I made a huge assumption that most travel cases would come from China since allegedly the Corona virus originated from there and Vietnam and China share borders; however, much to my surprise, a lot of the cases were from people that came to Vietnam from the Uk or the United Arab Emirates. Most of the cases came from within Vietnam, potentially from first, second or third-hand (and so on) exposures.
1: I wish I figured out a way to convert the “Confirmed Dates” of the cases into months, the graphs would potentially be cleaner and the x axis lables won’t be as messy.
2: The Confirmed Dates whenever I use them in a graph are not in chronological order. I’m not sure why. Had they been in order, I could determine which month had more cases than other. My assumption is that the cases would go up over time, but I could be wrong. As the country got a hold of Covid, maybe the number went down mid April or May.
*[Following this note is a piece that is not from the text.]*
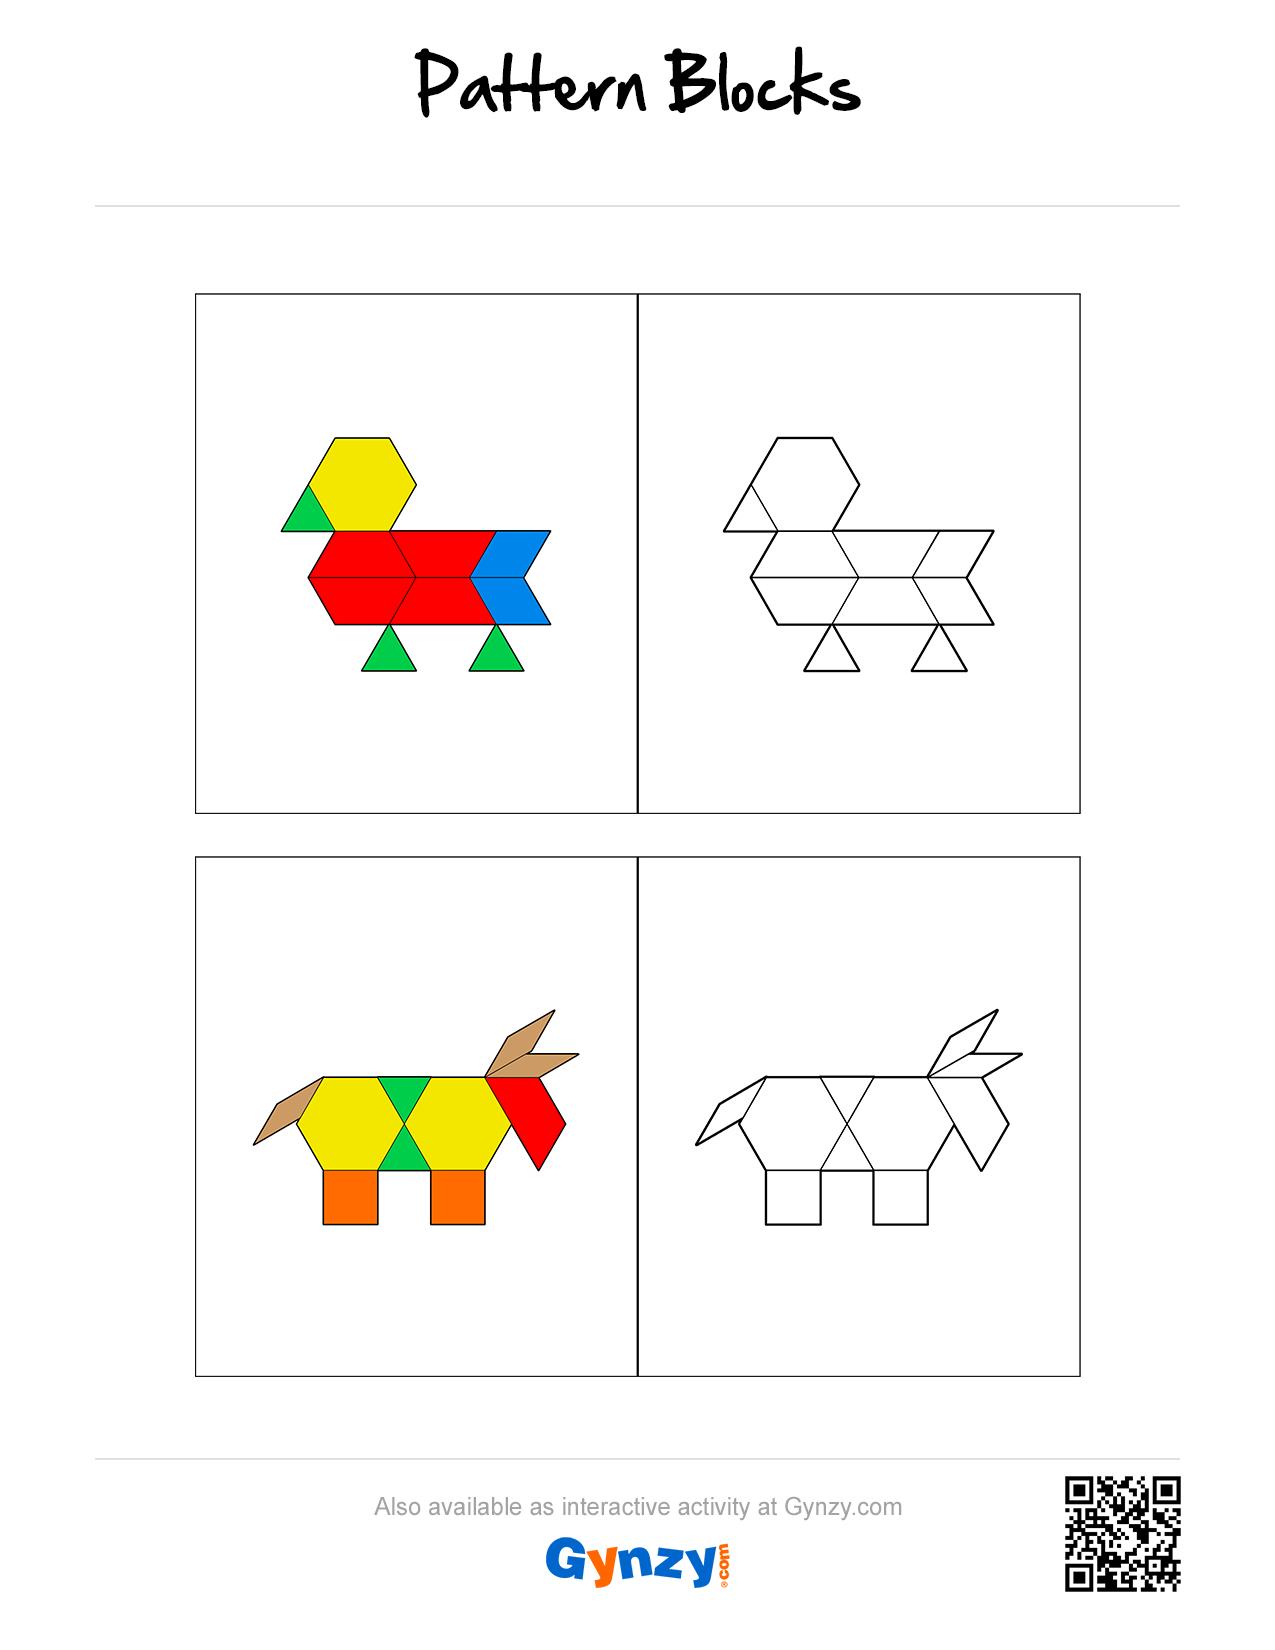 Pattern Blocks Mosaic Build Patterns Create And Solve

3: I wanted to incorporate geom_area to show the Travel Countries but could not get it to show the visual I want in a logical manner. I would much rather show that instead of the histogram for my last graph, I think it would show the data in a much more meaningful way.
4: Graph 2 - the Bargraph was rough until I figured it out. Here’s a picture:
whatafail
so my attempt to add the picture is a fail… although it did show up in R!